Он достаёт из выдвижного ящика два металлических стаканчика и бутылку огденского и плещет в каждый немного. Гавейн думает, что перед кем-либо другим Руфус вряд ли излагал бы хоть что-то похожее, но они давно знакомы и всегда были в хороших отношениях. Настолько хороших, что, став министром, Скримджер поставил во главе авроров того, кому мог доверять безусловно и кто как-то умел управлять людьми, — таким был Гавейн Робардс — и до сих пор позволял вести себя в крайней степени вольно в своём присутствии.
— Я уже готовлюсь, — пожимает плечами главный аврор. Наверное, большинство глав отделов уже готовятся, а некоторые — давно. — На случай, если меня не успеют убить при исполнении, конечно.
— Собираешься остаться? — Руфус смотрит куда-то на дно стакана.
— Кто-то же должен не дать всему скатиться в полнейший хаос, — отвечает Гавейн. — Если я и ещё две трети аврората уйдёт, то Сам-Знаешь-Кому придётся набирать новых авроров, почти с нуля формировать их работу, протоколы, — поясняет он, — и, думаю, понятно, что за волшебники туда пойдут и как они будут работать, — он усмехается. — И даже если это будет кто-нибудь адекватный, то налаживание работы занимает месяцы и даже годы — история знает достаточно примеров. И за это время Британия очень здорово поредеет…
— Да, история знает немало примеров, — подтверждает Скримджер. — И, думаешь, он надолго?
— Вряд ли, — Гавейн задумывается. — По крайней мере, я рассчитываю на это.
— Наша система не смогла с ним разобраться, — мрачно бросает министр. — Это уже практически свершившийся факт. Она связала мне руки, — продолжает он грустно, — настолько, что я даже толком не могу приказать задержать те семьи, что наверняка состоят в Пожирателях…

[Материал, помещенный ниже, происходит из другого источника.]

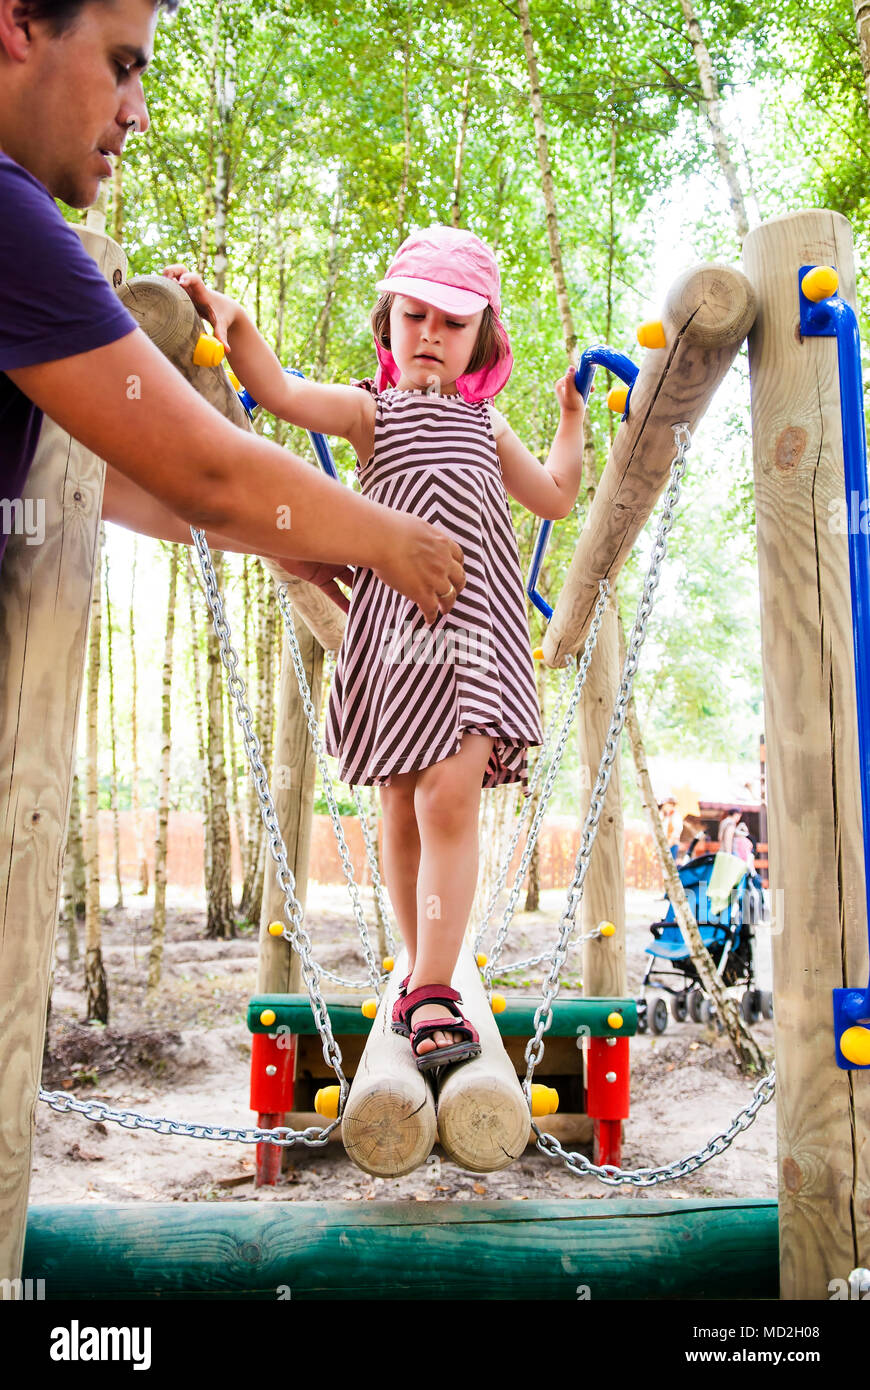 Father helping her daughter cross balance beam on playground, spending time together. Stock Photo

— Возникнет сопротивление. Наверняка возникнет, — Гавейн оглядывается в окно — за ним всё так же идёт снег. — И те авроры, что не станут работать с новым правительством, наверняка обучат этих недовольных. И когда они придут, а они наверняка в какой-то момент придут в Министерство, — он снова смотрит на Скримджера, — они не будут спрашивать никого. Ни-ко-го… — он мечтательно улыбается. Гавейн может почти наяву видеть, что произойдёт с приходом Того-Кого-Нельзя-Называть к власти: Хогвартс, который станет больше похожим на тюрьму, чем на школу, Азкабан, в который заключённых запустят почти потоком, как в молл, сломанные или убитые волшебники, которым хватит смелости не подчиниться, но не хватит ума скрыть это… И власть Пожирателей, которая будет питаться кровью политических противников и просто магглорождённых. Такие вещи обязательно приведут многих в сопротивление, а если он останется главой Аврората, то сможет сделать всё возможное, чтобы их не выявили, пока не станет слишком поздно.
— Не хочешь их возглавить? — собеседник задаёт вопрос почти ехидно.

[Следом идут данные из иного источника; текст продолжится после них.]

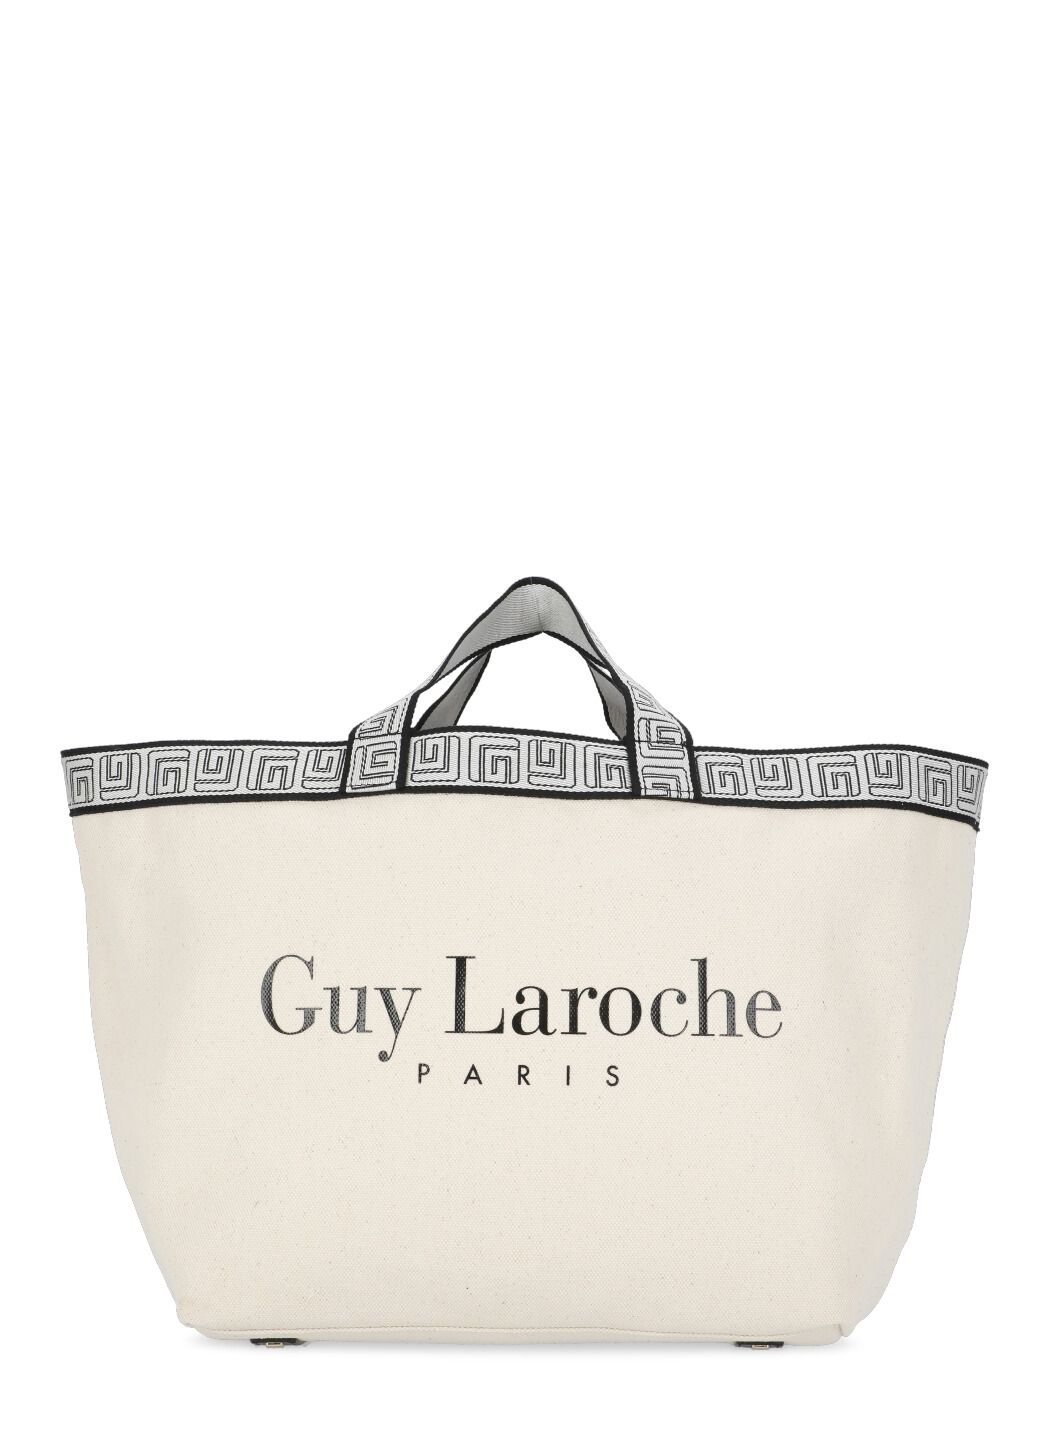 Guy Laroche bags second hand prices

— Я думаю, там уже есть какой-то костяк, — отвечает на это Гавейн. — И это наверняка люди Дамблдора, так что мне там не очень будут рады… — он делает паузу. — Да и должен же кто-то подготовить Министерство к их приходу?

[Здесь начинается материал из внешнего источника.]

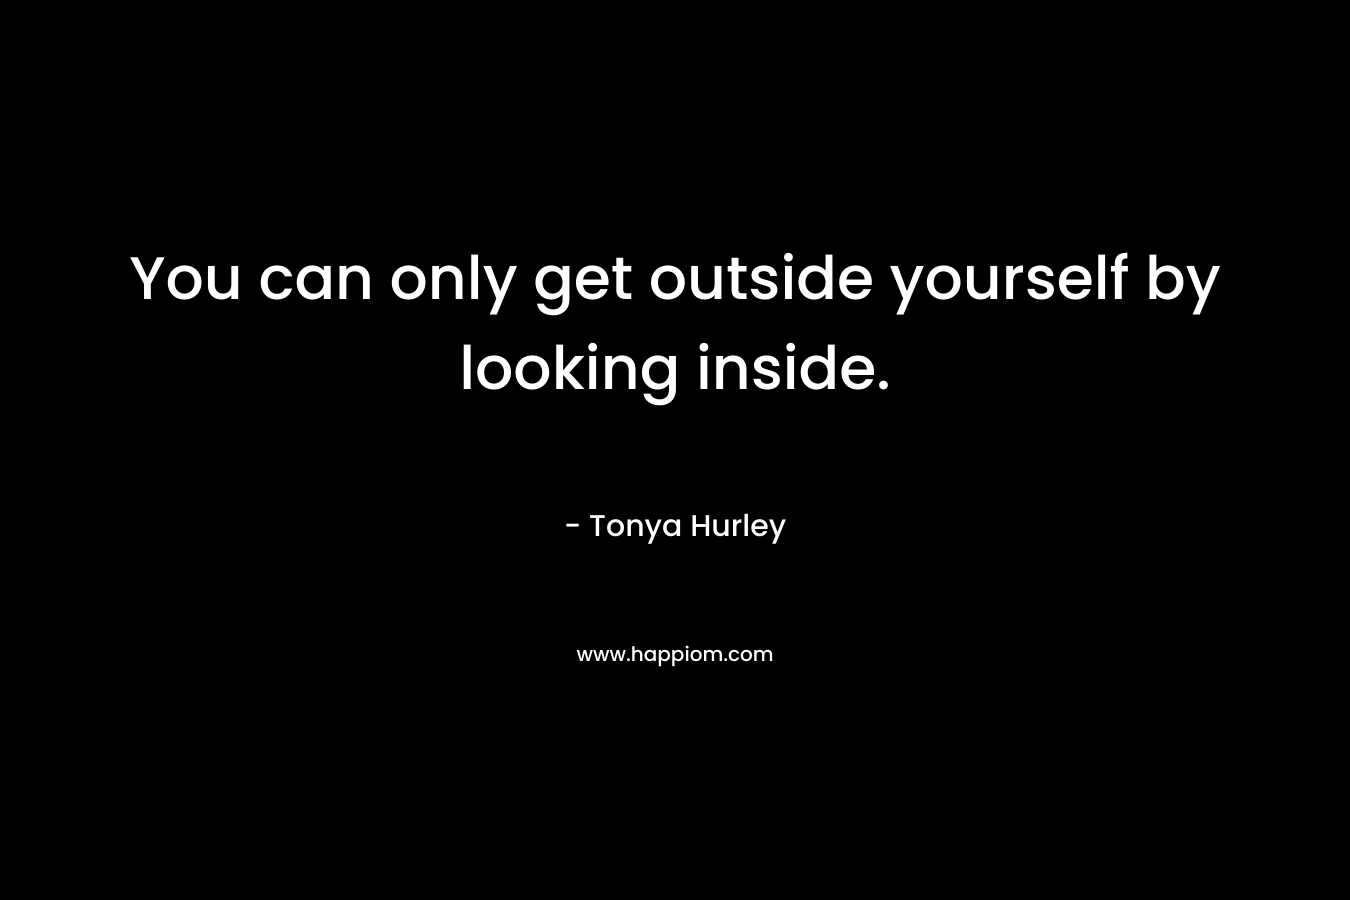 You can only get outside yourself by looking inside.

— Жаль, что я этого не увижу, — задумчиво произносит Скримджер.
— У меня тоже есть все шансы не дожить… Правда, в министерском кресле я бы сейчас точно не хотел оказаться. А так, если не убьют… Кстати, — он вспоминает, о чём ещё сам хотел поговорить с министром, — думаю, стоит увеличить охрану. Один аврор — это безрассудно, даже для того, кто очень хорошо владеет палочкой.
— Нет, — отвечает Скримджер после небольших раздумий. — Я думаю, пора перестать меня охранять вообще. Не перебивай, — предупреждает он Гавейна. — Просто я думаю, что именно авроров нам надо сохранить как можно больше, а мою охрану перебьют наверняка. А так — я предстану перед Пожирателями эдаким агнцем на заклание, во имя будущей победы, — он хрипло смеётся. — Ну да, неправильным таким агнцем, и я собираюсь ещё показать зубки. Да и потом… Пусть считают, что я погиб по собственной глупости, и всё Министерство пало из-за слабости и тупости, а не из-за мощи Сам-Знаешь-Кого…
— Уверены?
— Да. Тем более что все мои новые комитеты и прочая чушь — на самом деле эдакие надстройки из говна и палок. Здесь и правда надо менять всё. Наверное. — Он пододвигает Гавейну стакан и берёт второй. Тот хотел бы сказать, что при исполнении, но отчего-то не решается.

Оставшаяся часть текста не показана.